Maram will enter her junior year at the Henrietta Szold nursing school next month. She will receive a bachelor’s degree in nursing in  two years. And here is the surprise.

“Of the sixty girls in my class,” she said, “twenty-six are Arabs.”

The same proportion of Arabs to Jews holds true in the other three classes, she said. That is over 43 percent of the graduates of Hadassah’s nursing school will come from the Arab minority, who are, except for the residents of East Jerusalem, citizens of Israel.

Maram identifies herself as a Palestinian Israeli. She, and the village of Jews and Arabs in which she lives, are the best answers to the bigoted American Jews who identify all Moslems with anti-Israel suicide bombers.
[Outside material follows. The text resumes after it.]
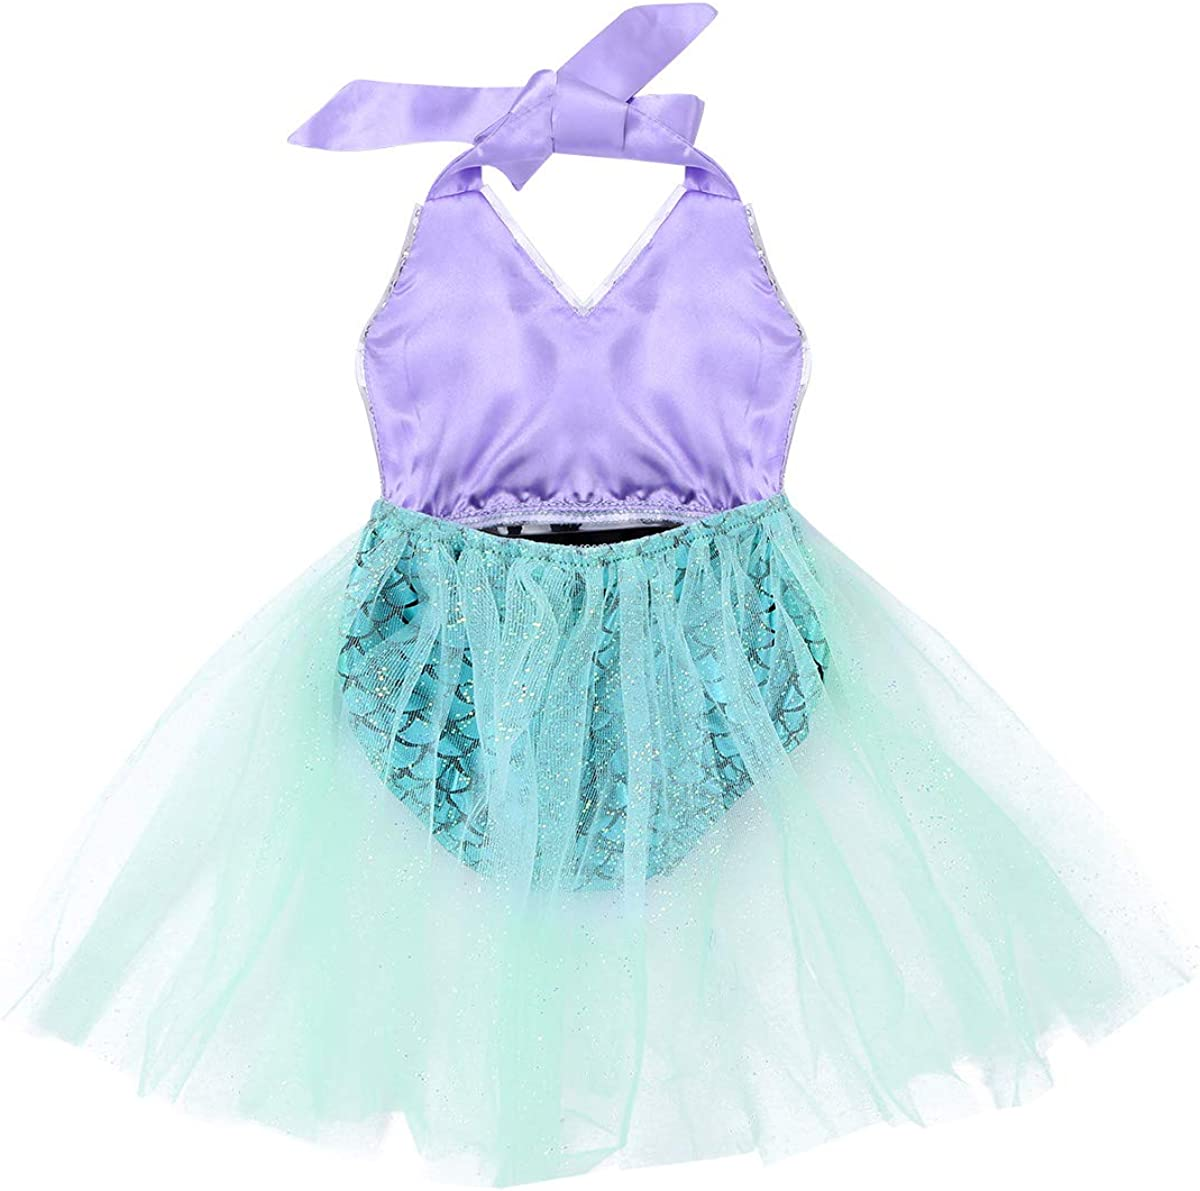 Alvivi Infant Baby Girls Shiny Sequins Mermaid Romper Dress Bodysuit Swimwear Cosplay Clothes
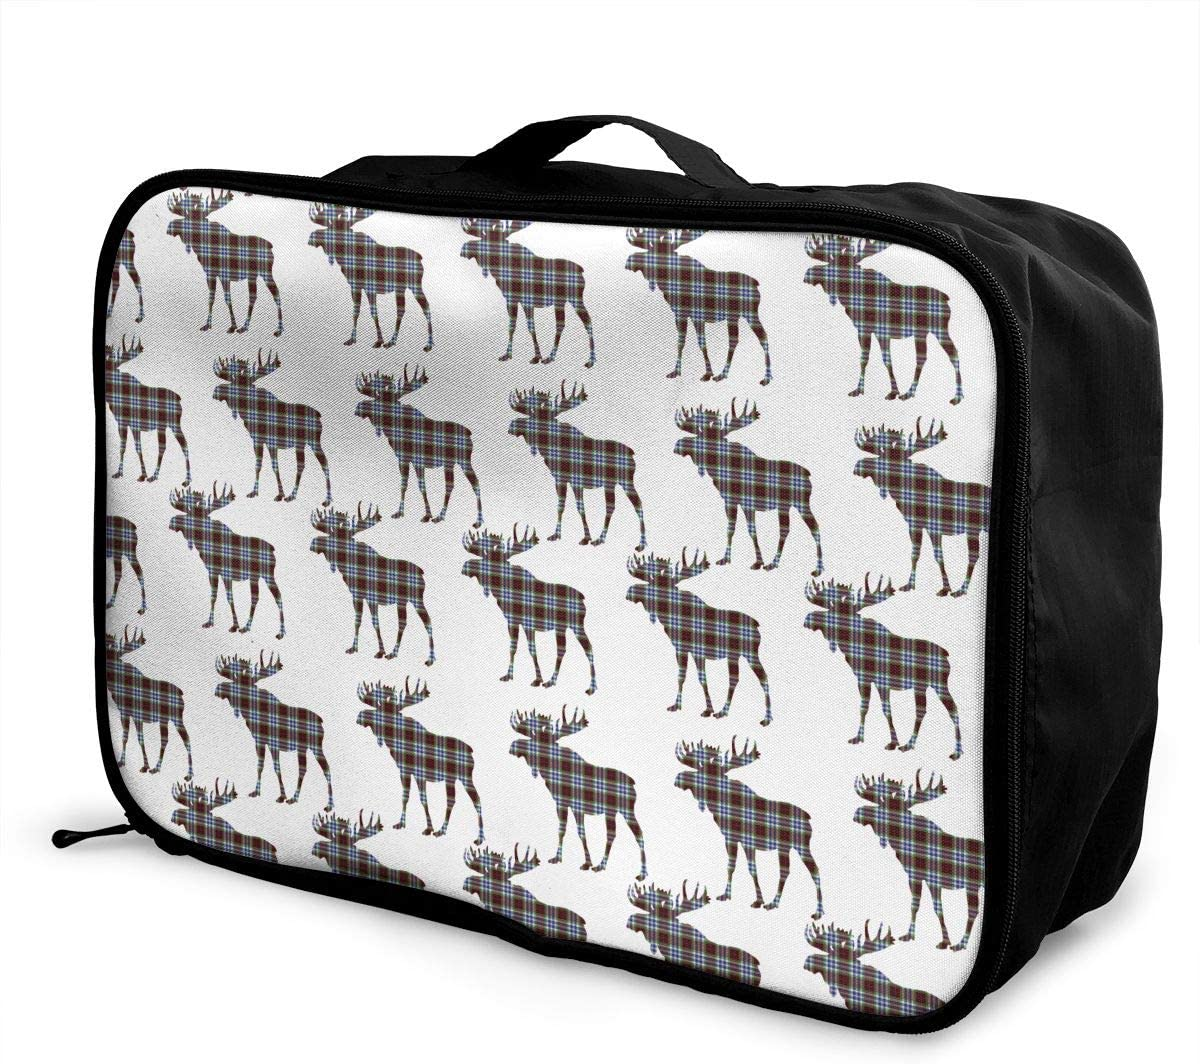 Travel Luggage Duffle Bag Lightweight Portable Handbag Cartoon Mountain Print Large Capacity Waterproof Foldable Storage Tote

Maram says that she finds it wonderful that so many American Jews  have such a strong attachment to Israel despite  the fact that many have never been there.

One Chautauquan took it for granted that Maram and the Jewish boy, Omar Schwartz, were traveling together as a couple. She was quickly disabused. Omar keeps kosher. He refused to eat meat while he was in Chautauqua.

Many years ago, an Arab mayor of the village explained to me that  because they live together and are close friends as they grow up, they cling to their own ethnicity and religion.

Unlike American schools where interdating and intermarriage are common, there has never been a romance between Jewish and Arab graduates of the Lurie school at the Oasis of Peace.

I will leave further details to the sociologists. They must also look into the question of why so many Jewish girls are avoiding the honorable profession of nursing.

Maram chose to be a nurse, she said, because it combined her love of science and her desire to work with people.

It was a pleasure for me to listen to these two kids chattering in Hebrew. “My Hebrew is better than his Arabic,” Maram explained. Both speak perfect English with an American accent.

They are a credit to Israel and their village and to the school which I built.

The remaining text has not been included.